I just snapped up a 1961 Fodor's Hawaii guide on eBay (with an introduction by James Michener!). This passage about sex probably says more about America in 1961 than Hawaii at any time. Thought everyone would enjoy.

FREE, UNINHIBITED, GENEROUS

The missionaries soon had the Hawaiians going to school. They were apt pupils. They learned to read and write and sew a fine seam. All went well until the first ship hove into port at which time the girls’ classrooms were suddenly empty. The teachers were aghast. But pedagogically speaking, the Hawaiian girls were way ahead of their time, preferring “life situations” and field work to useless academic studies.

It was ever thus. A relaxed attitude about sex is traditional in the Hawaiian way of life. Hawaiian women gave themselves freely to men regardless of race, creed, color or status. Haole sailors were astonished at the unreserved aloha of these ardent wahines, and Honolulu became a popular port of call.

“No women I ever met were less reserved,” wrote Captain Cook, adding that they came on board “with no other view than to make a surrender of their persons.”

It was all free, uninhibited, generous, charming, in short good old-fashioned fun, but soon it got corrupted by complications commercial, venereal, ministerial. The girls never thought of anything so sordid as fees, but the sailors, victims of a more mercenary civilization, could not resist giving them little presents as tenders of affection. Before long fornication ceased to be its own reward. The girls were spoiled. They began asking for nails, items of enormous value in a Hawaii just emerging from the stone age. The sailors were only too happy to comply, a nail for a frail, and captains began to eye their ships nervously for fear they might come apart at the seams.

Meanwhile the missionaries did their best to instill a sense of sin in these shameless wahines, and they were aided by the appalling spread of venereal infection which could only too easily be construed as divine reproof of immoral behavior.

An important sociological question may now flash across the tourist’s busy mind: In these wonderful wonder-druggy days is laxity in sexual matters still characteristic of the Hawaiian way of life? Have Hawaiian women reverted to their ancient tradition of generosity or has this been permanently altered by those missionary-instilled inhibitions?

The answer is be careful. For if the severity of Protestant fundamentalism has been tempered, as we have seen, by the warmth and animal joy of Hawaii, Hawaiian morality has also been stiffened by the Christian ethic.

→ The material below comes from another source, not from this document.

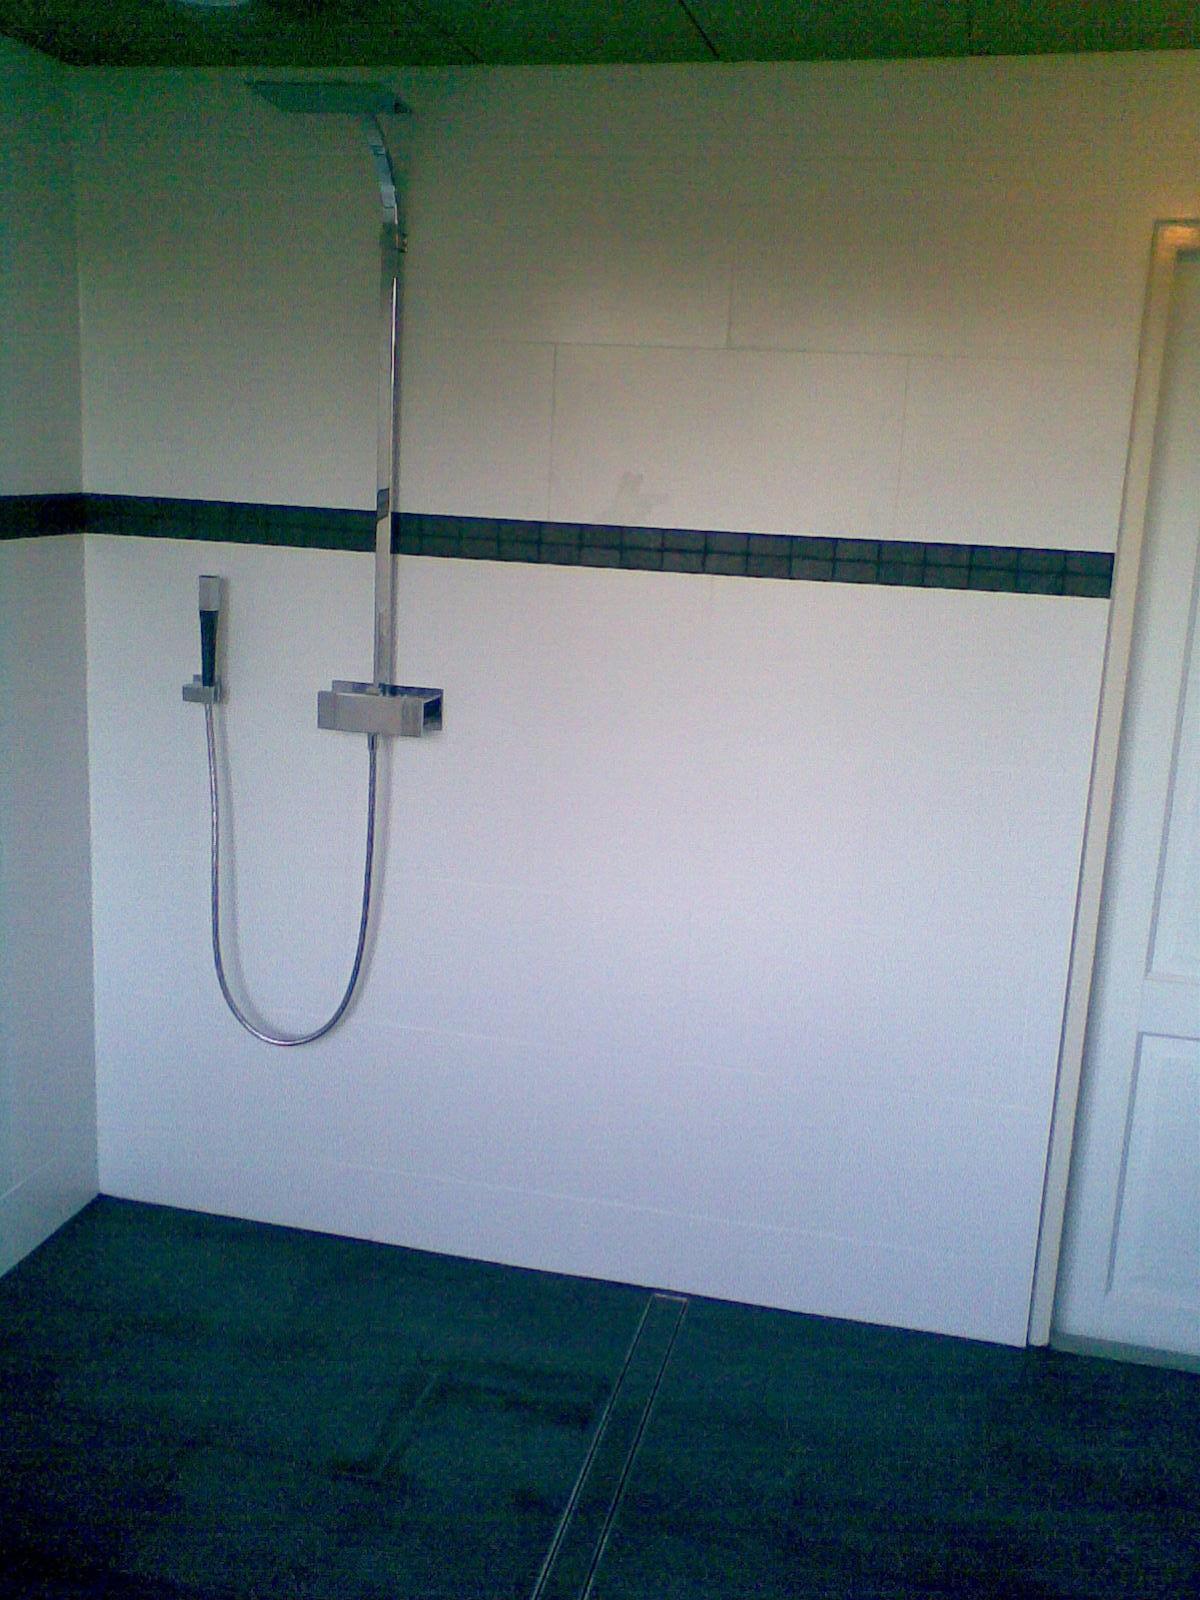 Badkamer Zeewolde vergroot dmv dakkapel wandradiator en inbouw toilet

A recent island wedding we attended illustrated this ponderous thesis. The groom was a malihini haole tourist who had quite literally fallen in love with Hawaii in the person of the bride, a handsome Hawaiian-Portuguese girl of ample proportions, even more amplified by six months of pregnancy.

As she stood on the reception line, resplendent in white net and a lei of pure white stephanotis, the bride kept patting her convex stomach and explaining with a radiant smile, “This was an engagement present.”

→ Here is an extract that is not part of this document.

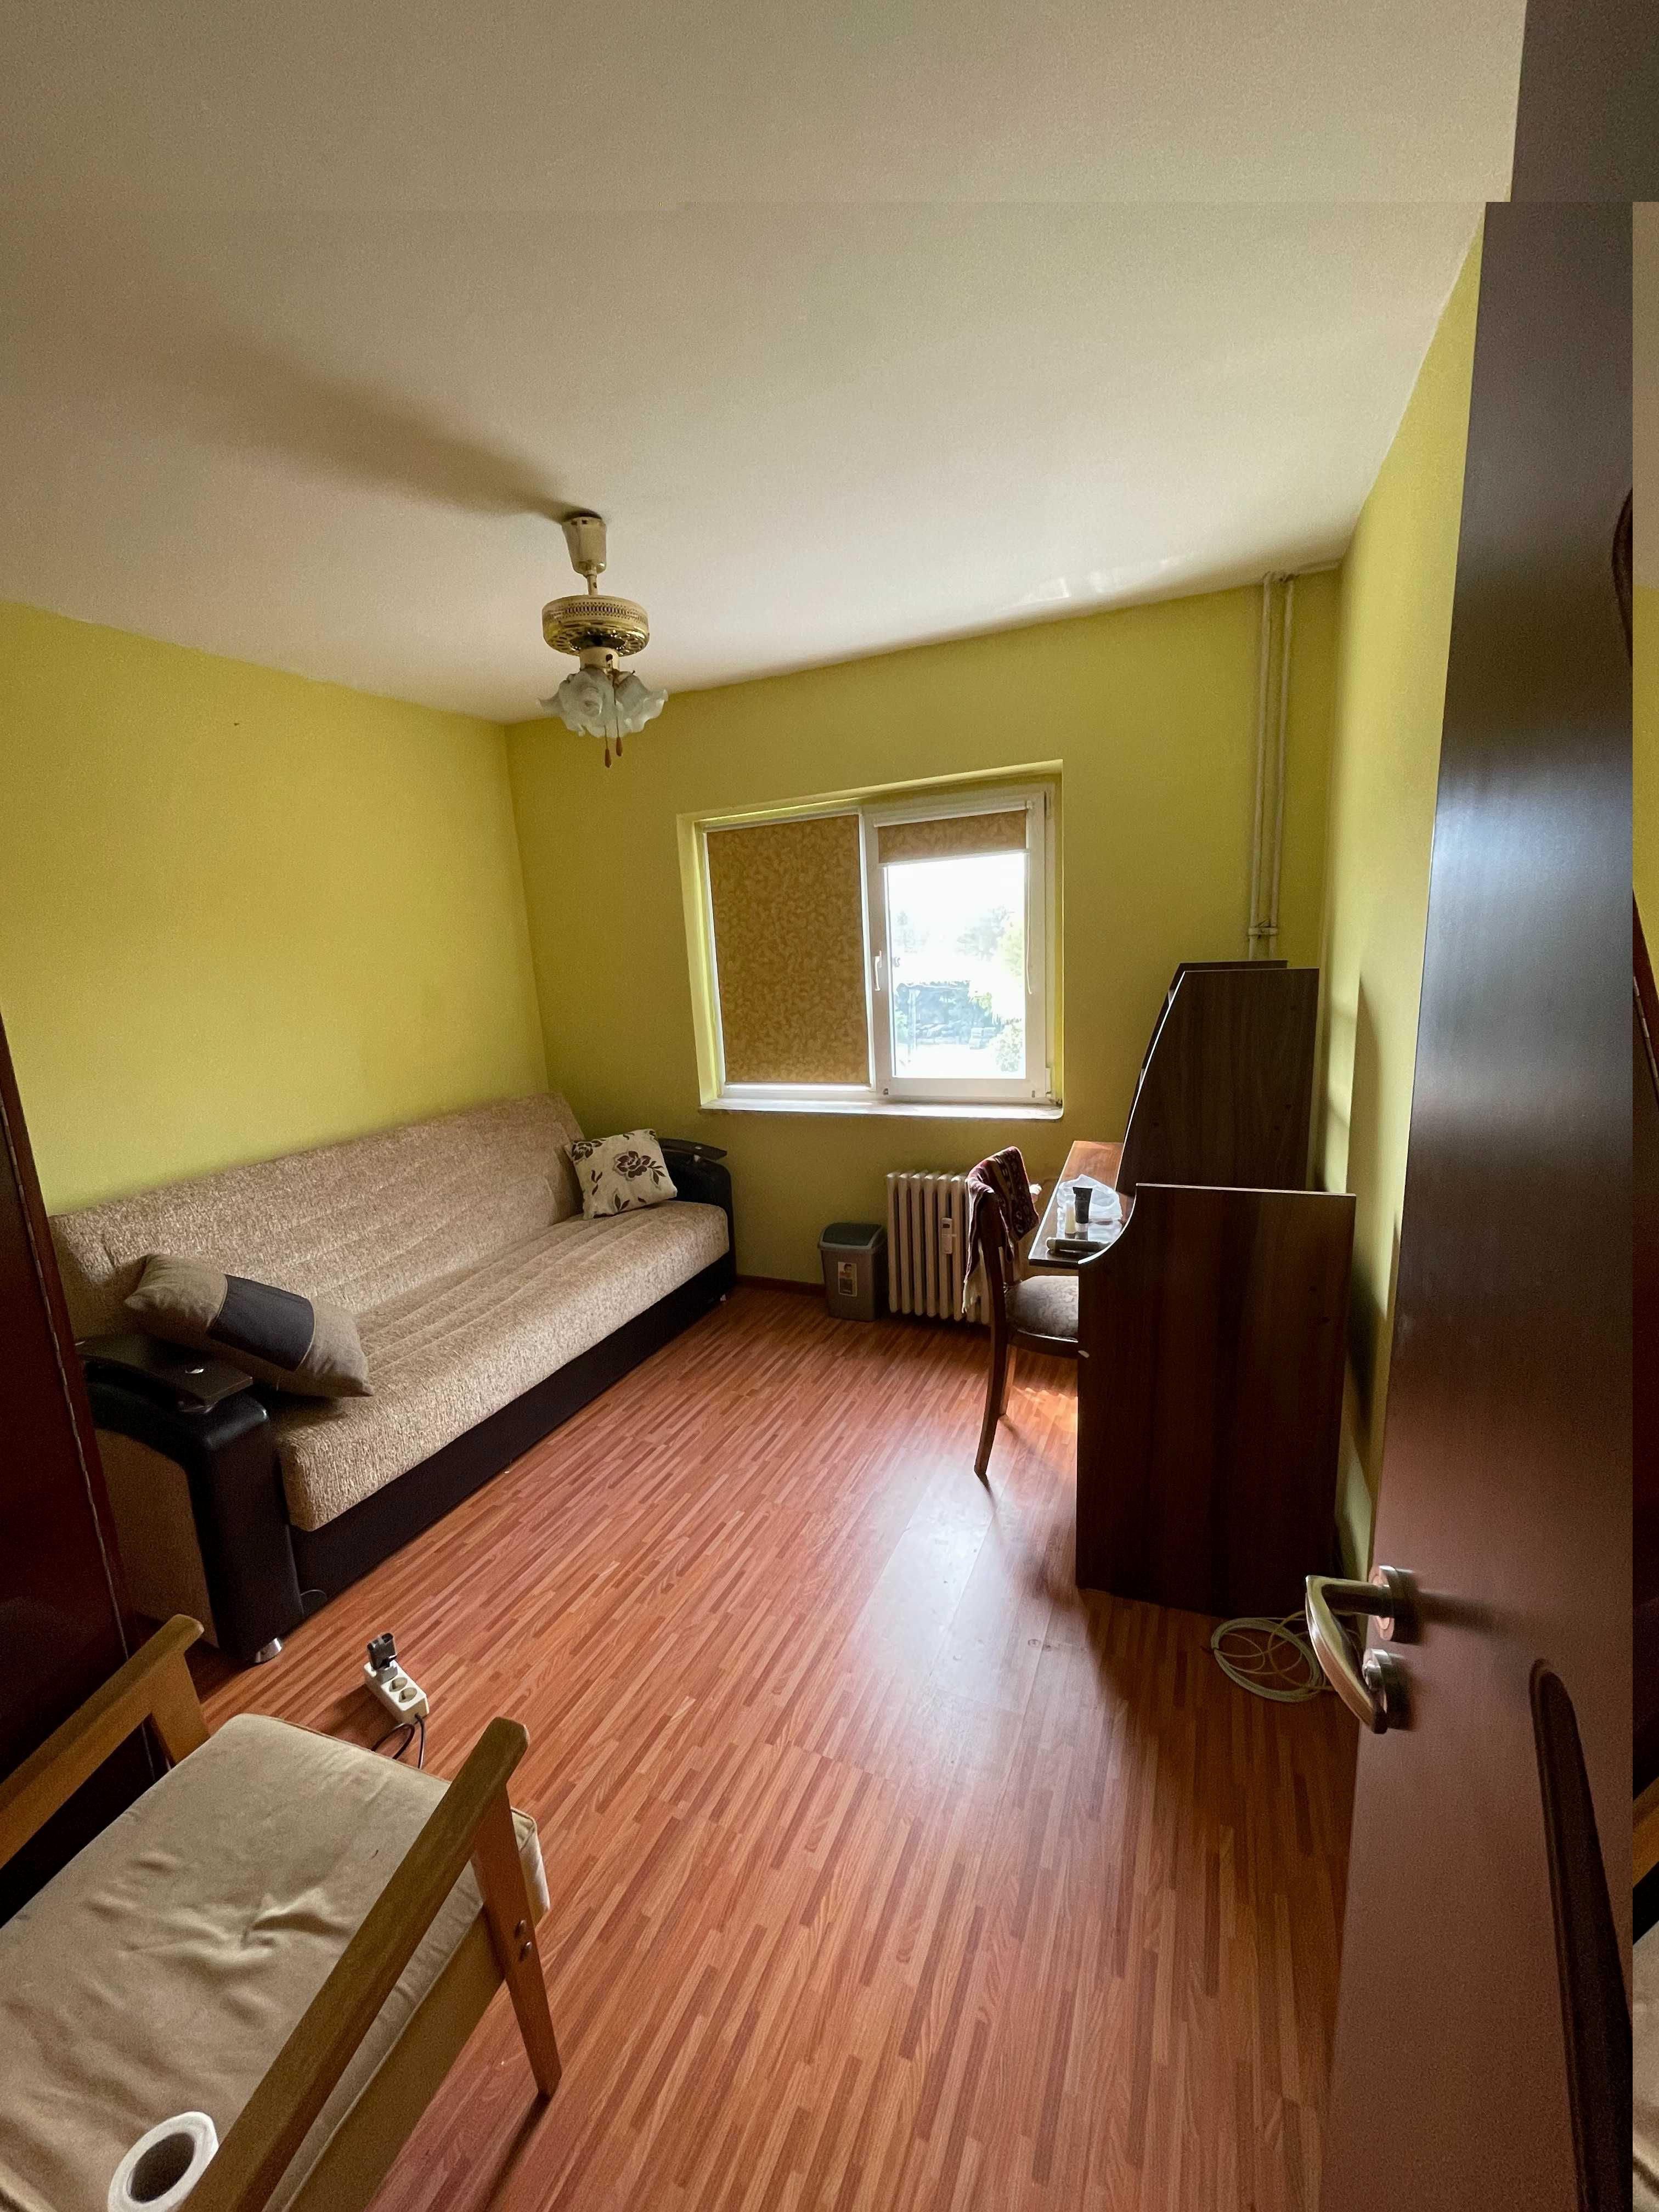 Apartament de închiriat 2 camere Brazda/Craiova

So much for sex in the Hawaiian way of life. If you want to know more, read H. Allen Smith’s anthropological treatise Waikiki Beachnik in which you will find information on such venerable Hawaiian diversions as Puheoheo (Hawaiian Post-office), Kilu (Spin the Bottle), and Punalua (Triangular Mating). These subjects are not really suitable for a family guide. Just remember, they missionaries have left their mark and you might have to marry the girl.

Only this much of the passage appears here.